Anti-kahraman gibi çünkü şirket temsilcisi... Filmdeki olayın ve argümanın gidişatı yüzünden bir tür anti-kahraman sayılır. Senaryo da hem kahraman hem anti-kahraman oluşuyla bana ilginç gelmişti.
-Pastoral güzelliği görüntüleme biçiminiz, filmin kutsal kitaplardan alıntılanan Vaad Edilmiş Toprak adını taşıması, toprağa saygı göstermeniz ve geçmişte kalan tarım toplumuna ağıt yakmanız dikkat çekiyor. Filmin dışında sizin yaklaşımınız nedir bu meseleye?
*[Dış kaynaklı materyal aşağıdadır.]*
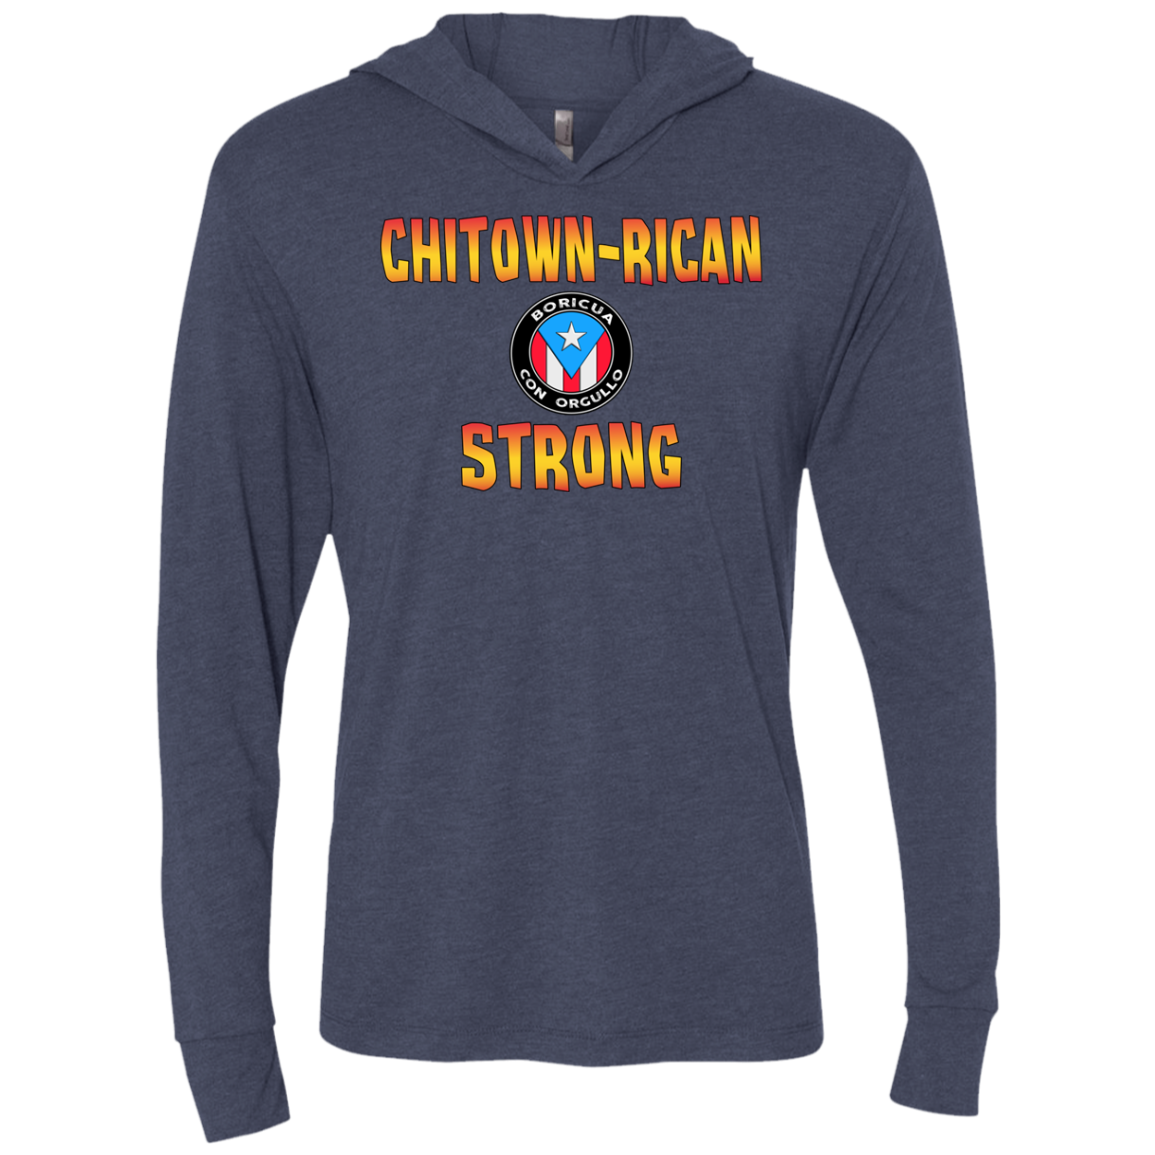 Chitown Rican Strong Unisex Triblend LS Hooded T-Shirt - Puerto Rican Pride

Uzman değilim ama araştırdıklarımdan ve bazı komşularımdan öğrendiğim kadarıyla küçük çiftliklerin geçimlerini sağlaması çok zor. Şirketleşme yüzünden... Git gide büyüyen ve şirketleşen çiftlik üretimi küçük çiftçilerin ürününün değerini düşürüyor. Ticaret de bir sorun. Komşu oturduğum çiftlik sahibi ürettiği kırmızı meyveleri (çilek, ahududu, böğürtlen vs.) pazara götürüyor, dükkanlara satamıyor. Çünkü Arjantin’den daha ucuzunu ithal edebilirler. Bu hemen her alanda böyle, ticari anlaşmalar da sorunun bir parçası. Yeşil tarlalar benim için metafor değil. Vaat Edilmiş Toprak çocukların koyduğu isimdi, biz değiştirmeye çalıştık!
-Altın Palmiye ödülü kazandığınız Elephant’taki öyküye benzer katliamlar yapıldı ABD’de, ne düşündünüz?
Columbine’da yaşanan olaydakinden farklı bir yan görmüyorum, aynı olaylar aslında. Daha kötü değil, ama aynı olması yineleneceğini gösteriyor. Başka olaylar da oldu. Bir tür panik başladı birçok eyalette. Her yerde silah satılıyor, otomatik silahlar! Columbine’dakine benzer saldırılar yapılması, aynı silahların kullanılması stres yarattı.